Data Source Plugin Name

Configuration - DATA_SOURCE_PLUGIN_NAME¶

Description¶

Determines the data source plugin Skippr uses for data ingestion.

Default Value¶

No default value. This configuration must be specified explicitly.

Example Values¶

"stdin": Skippr ingests data from the standard input stream.
"s3": Skippr ingests data from an S3 bucket.
"s3_inventory": Skippr ingests data from an S3 inventory.
Any unsupported value will return a console message: "Plugin {plugin_name} not supported".

Detailed Description¶

The DATA_SOURCE_PLUGIN_NAME configuration instructs Skippr on the source of data for ingestion. Depending on the value of DATA_SOURCE_PLUGIN_NAME, Skippr employs the corresponding data source plugin for data ingestion.

If the configuration is set to "stdin", the data is read from the standard input stream.
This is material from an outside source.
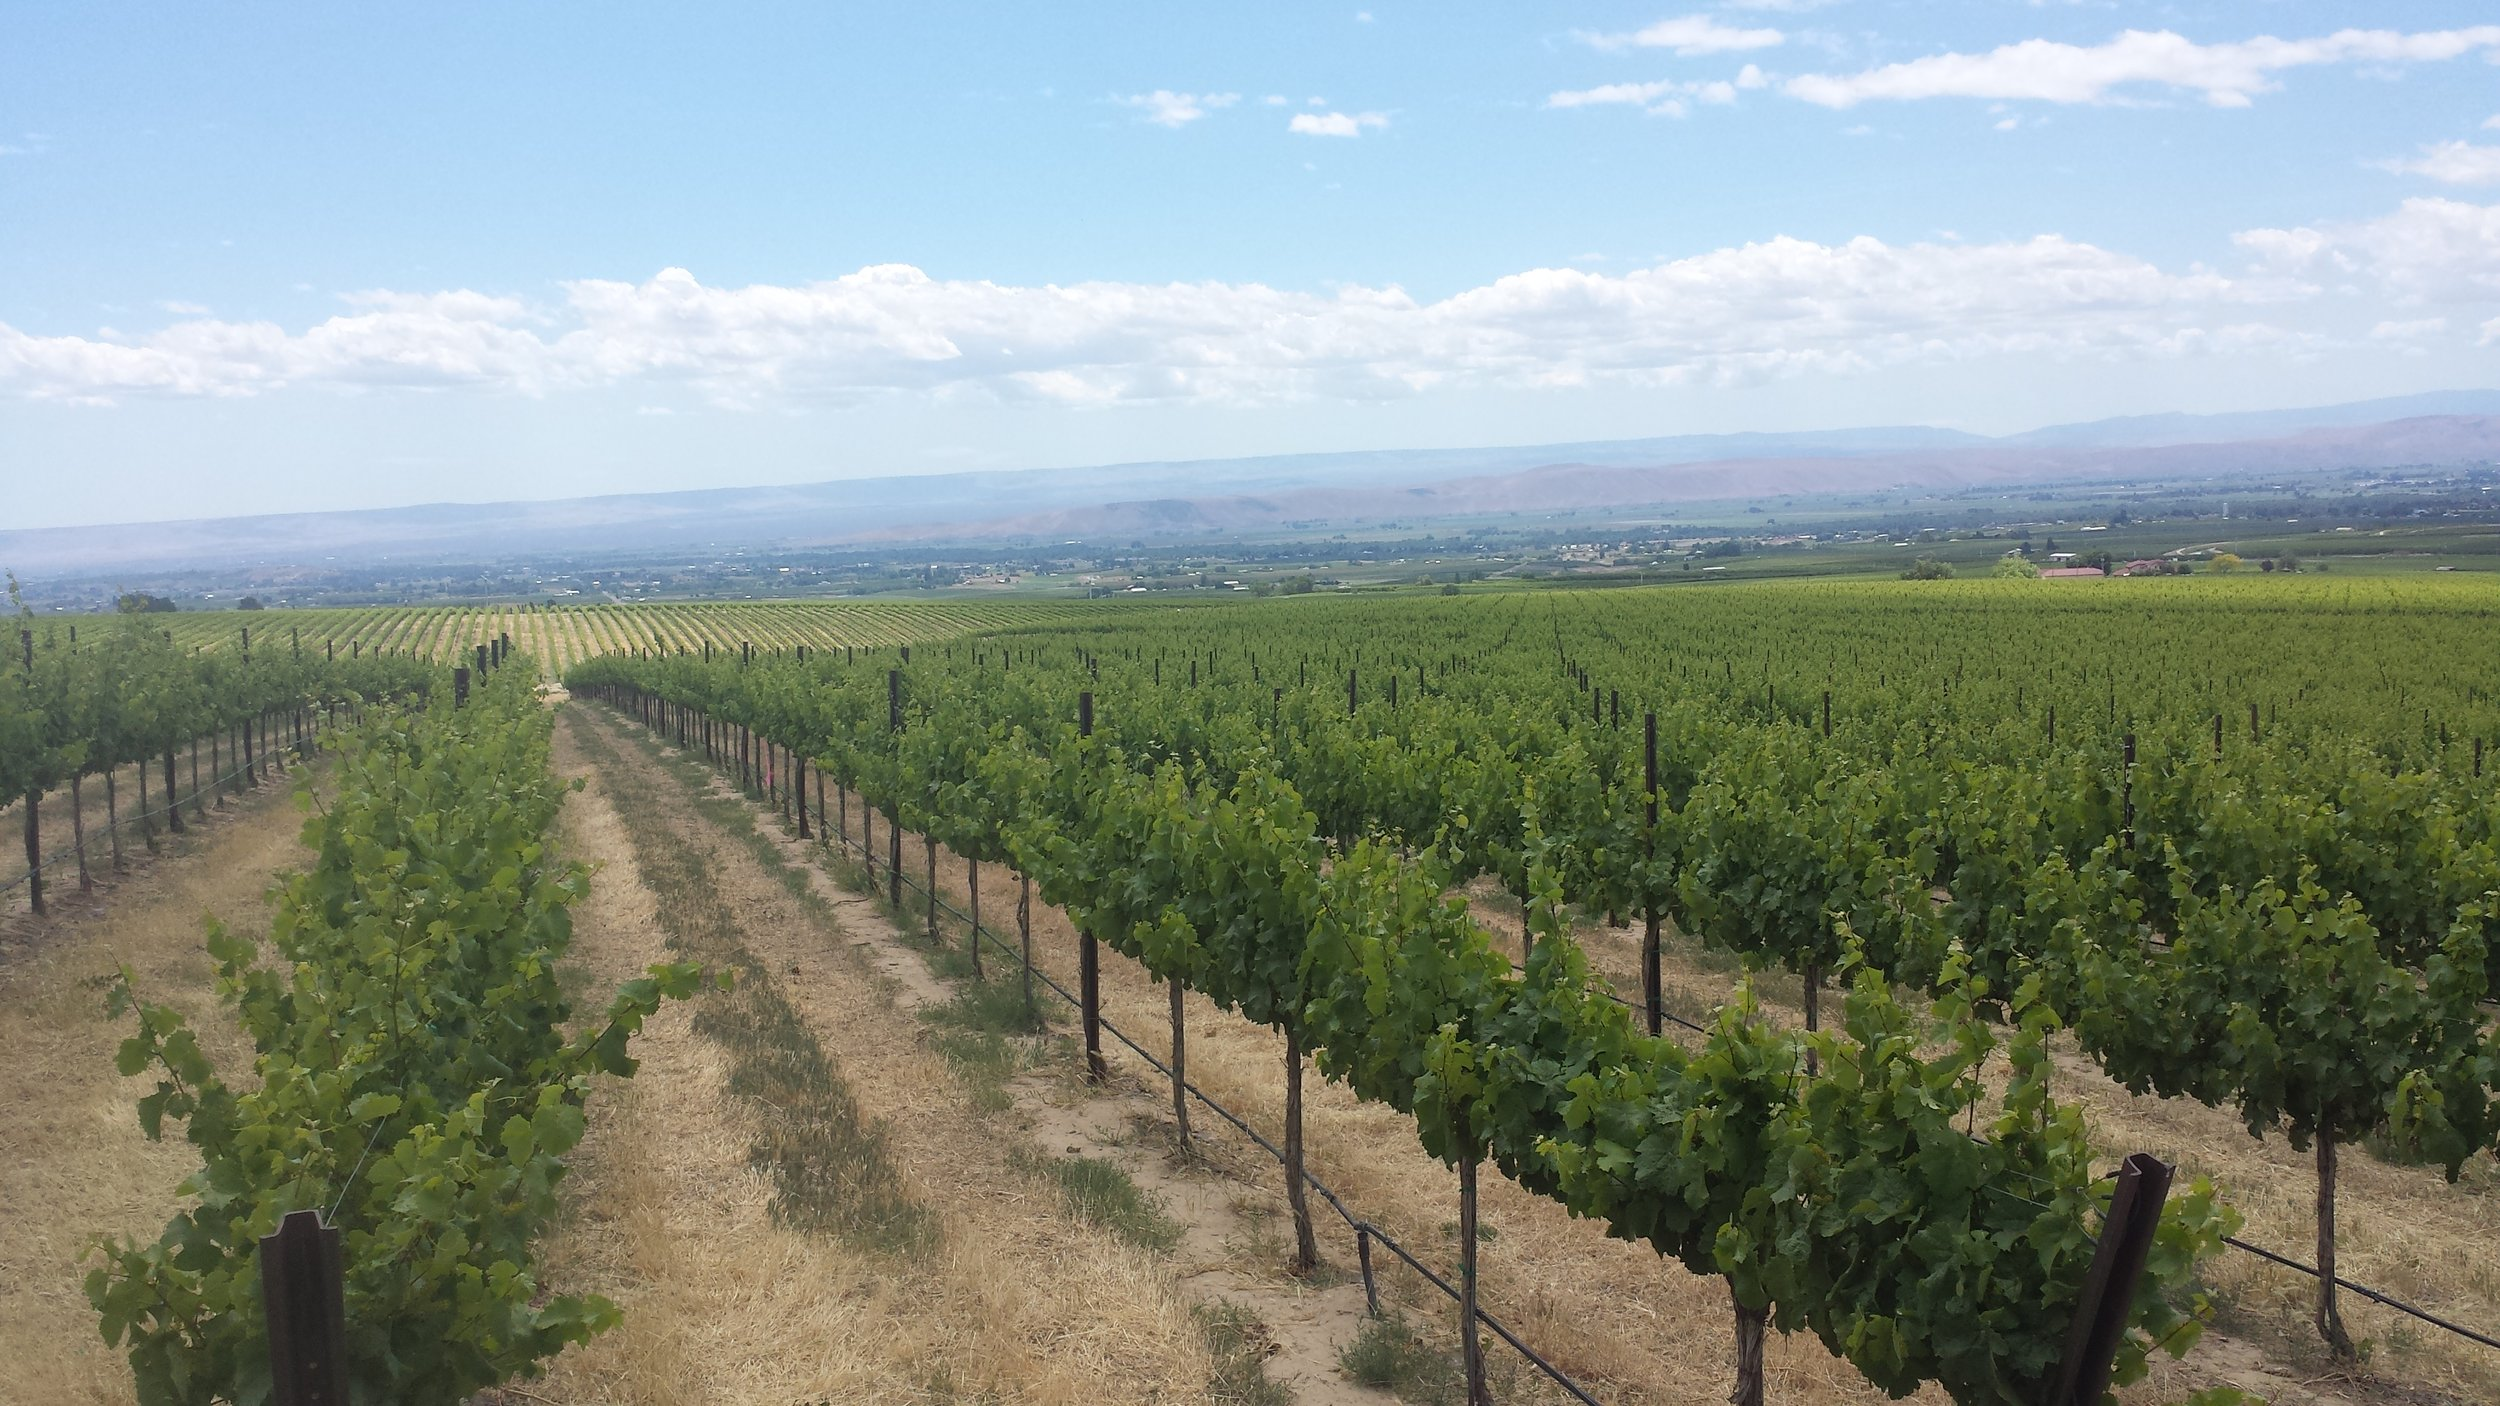 The Zillah Ranch Vineyard in the Columbia Valley, Washington.

This allows you to pipe data from other processes directly into Skippr for processing.

If the value is set to "s3", Skippr connects to an Amazon S3 bucket as the data source. It will read and ingest files stored in the specified S3 bucket.

For "s3_inventory", Skippr uses an S3 inventory as the data source. An S3 inventory provides a scheduled alternative to listing all objects in an S3 bucket. Skippr can parse this inventory to understand what data is available for ingestion.

In case of an unsupported value, a console message is printed indicating the plugin is not supported.

Considerations¶

The correct plugin must be installed and configured for Skippr to ingest data successfully. For example, the "s3" and "s3_inventory" plugins require appropriate AWS credentials and bucket names.
If ingesting data from "stdin", ensure that the data is properly formatted and compatible with the data parsers used in your Skippr pipeline.
Using "s3_inventory" as a source can be beneficial for large buckets where listing all objects is time and resource-intensive.
Unsupported values will not halt the program execution but will result in no data being ingested, which can affect subsequent steps in the data processing pipeline.
Be aware of any possible rate limits or access constraints on your data source to prevent potential issues during data ingestion.